Job Description
Architecting the Future of Intelligence.
Nexus Horizon Labs is seeking a visionary Future Systems Architect to lead the development of next-generation AI and Edge Computing infrastructure. In this pivotal role, you will bridge the gap between theoretical AI models and scalable, real-world deployment, ensuring our systems remain at the forefront of the 2026 technological landscape.
We are not just building software; we are defining the operational standard for tomorrow. If you possess a deep understanding of distributed systems and a passion for pushing the boundaries of what is possible, we want to hear from you.
Responsibilities
- Lead System Architecture: Design and implement resilient, scalable distributed systems that integrate advanced Machine Learning models with edge devices.
- R&D Leadership: Drive research and development initiatives focused on predictive analytics, quantum-resistant encryption, and autonomous infrastructure management.
- Cross-Functional Collaboration: Partner with data scientists, software engineers, and product managers to translate complex technical requirements into robust engineering solutions.

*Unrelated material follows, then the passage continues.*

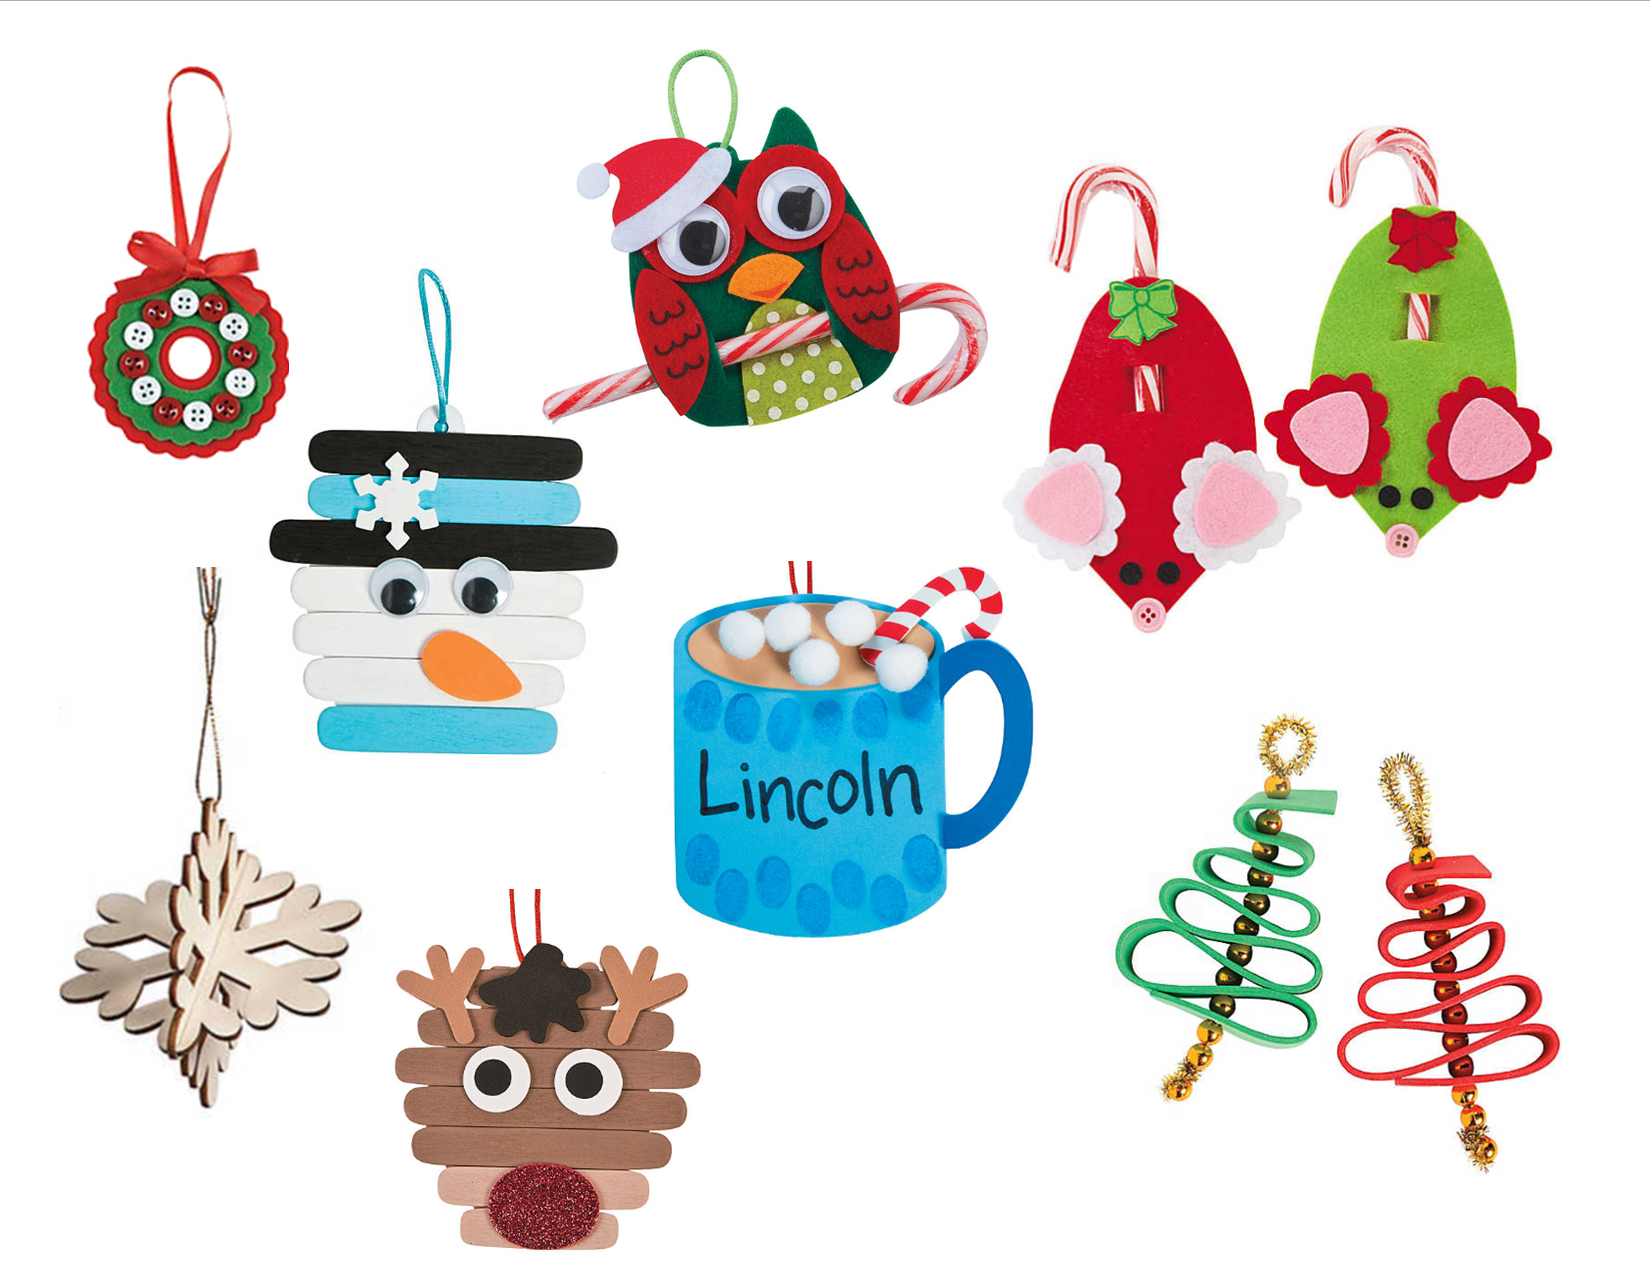 assorted Christmas ornaments

- Performance Optimization: Continuously monitor system health and optimize data pipelines to ensure sub-millisecond latency in high-throughput environments.

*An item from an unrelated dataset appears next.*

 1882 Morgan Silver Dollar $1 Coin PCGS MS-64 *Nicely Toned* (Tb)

- Security Implementation: Establish and enforce best-in-class security protocols and compliance standards for all future-facing data architectures.

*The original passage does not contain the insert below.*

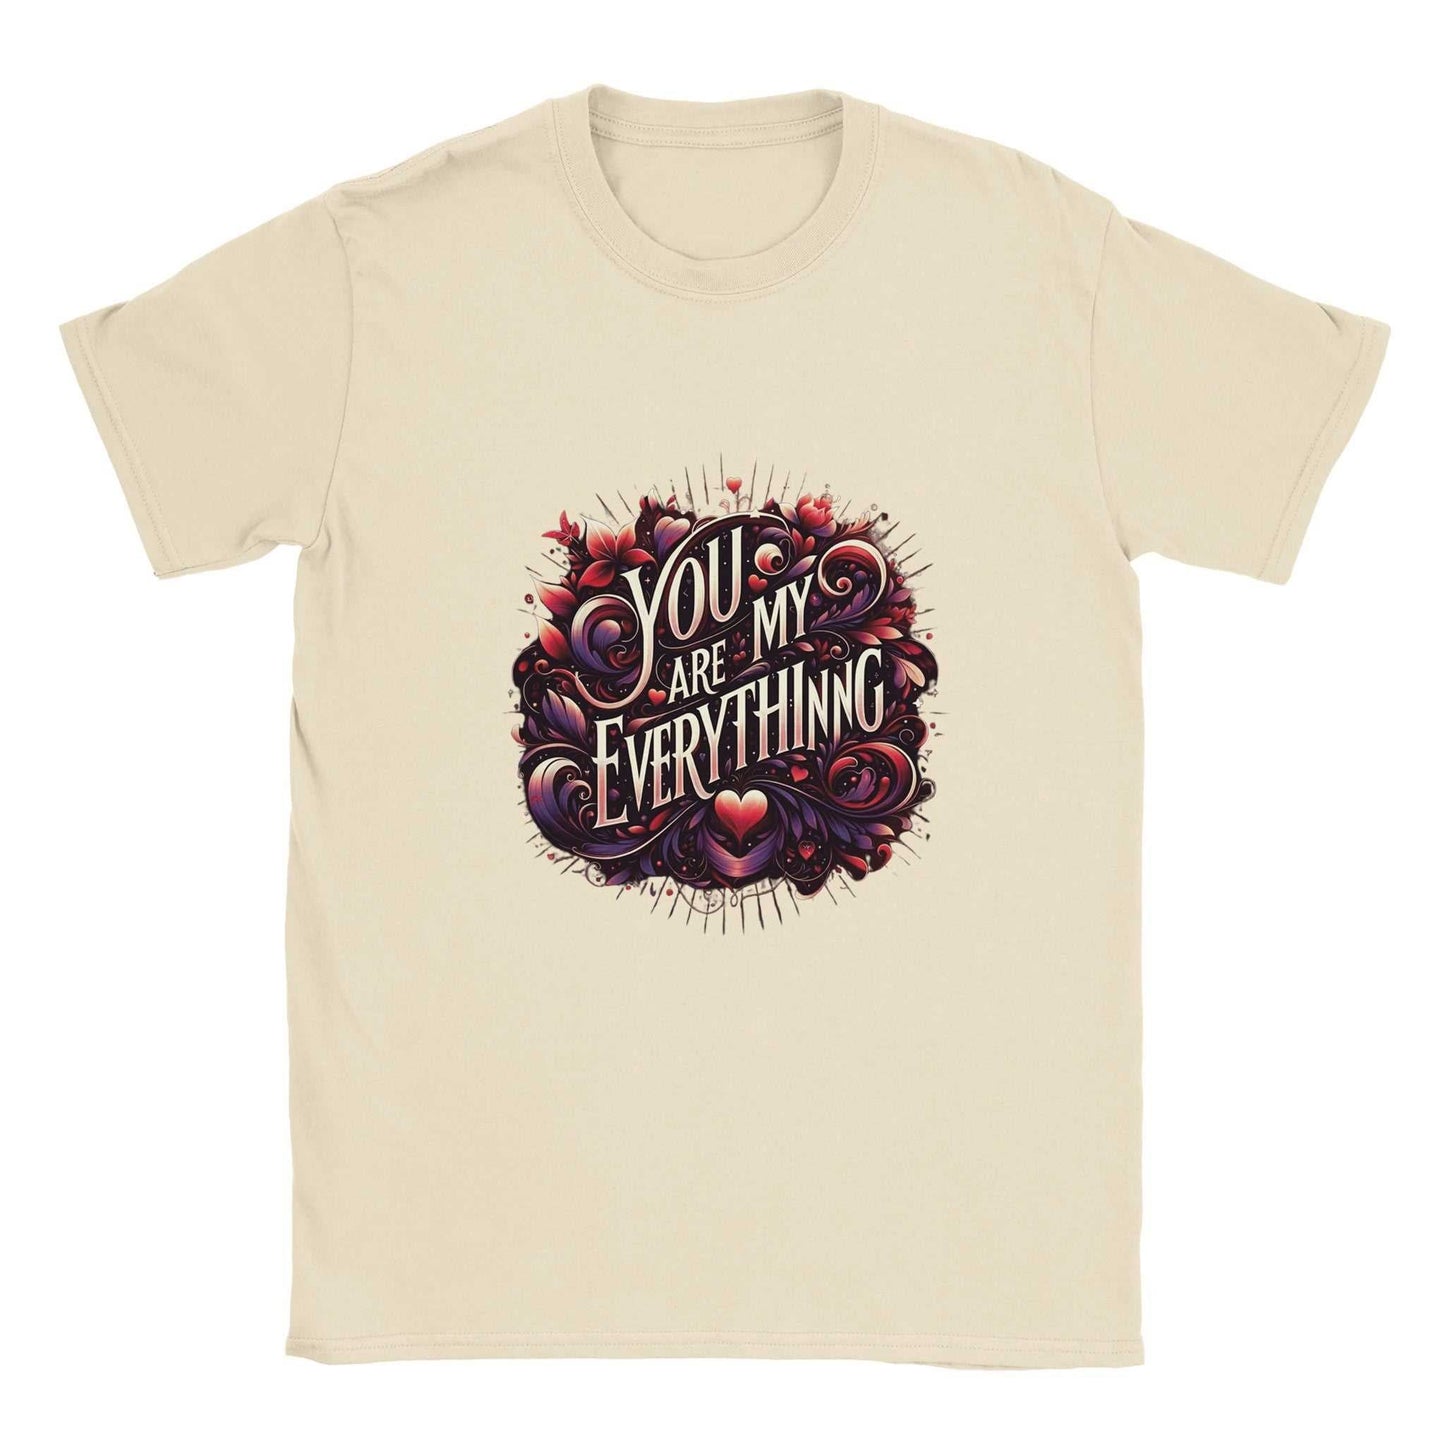 "You Are My Everything" Love T-Shirt - 100% soft, breathable cotton - BeinCart

- Mentorship: Cultivate a high-performance engineering culture by mentoring junior architects and fostering technical excellence.
Qualifications
- Education: Bachelor’s or Master’s degree in Computer Science, Electrical Engineering, or a related field (PhD preferred).
- Experience: 8+ years of experience in systems architecture, with at least 3 years leading teams in cloud-native environments.
- Technical Stack: Proficiency in Python, Go, or Rust; extensive experience with Kubernetes, Docker, and microservices; deep knowledge of AWS, Azure, or Google Cloud Platform.
- AI Integration: Strong understanding of integrating AI/ML models into production systems, particularly experience with TensorFlow, PyTorch, or ONNX.
- Problem Solving: Demonstrated ability to solve complex, ambiguous problems in high-stakes environments.
- Soft Skills: Exceptional communication skills with the ability to articulate complex technical concepts to non-technical stakeholders.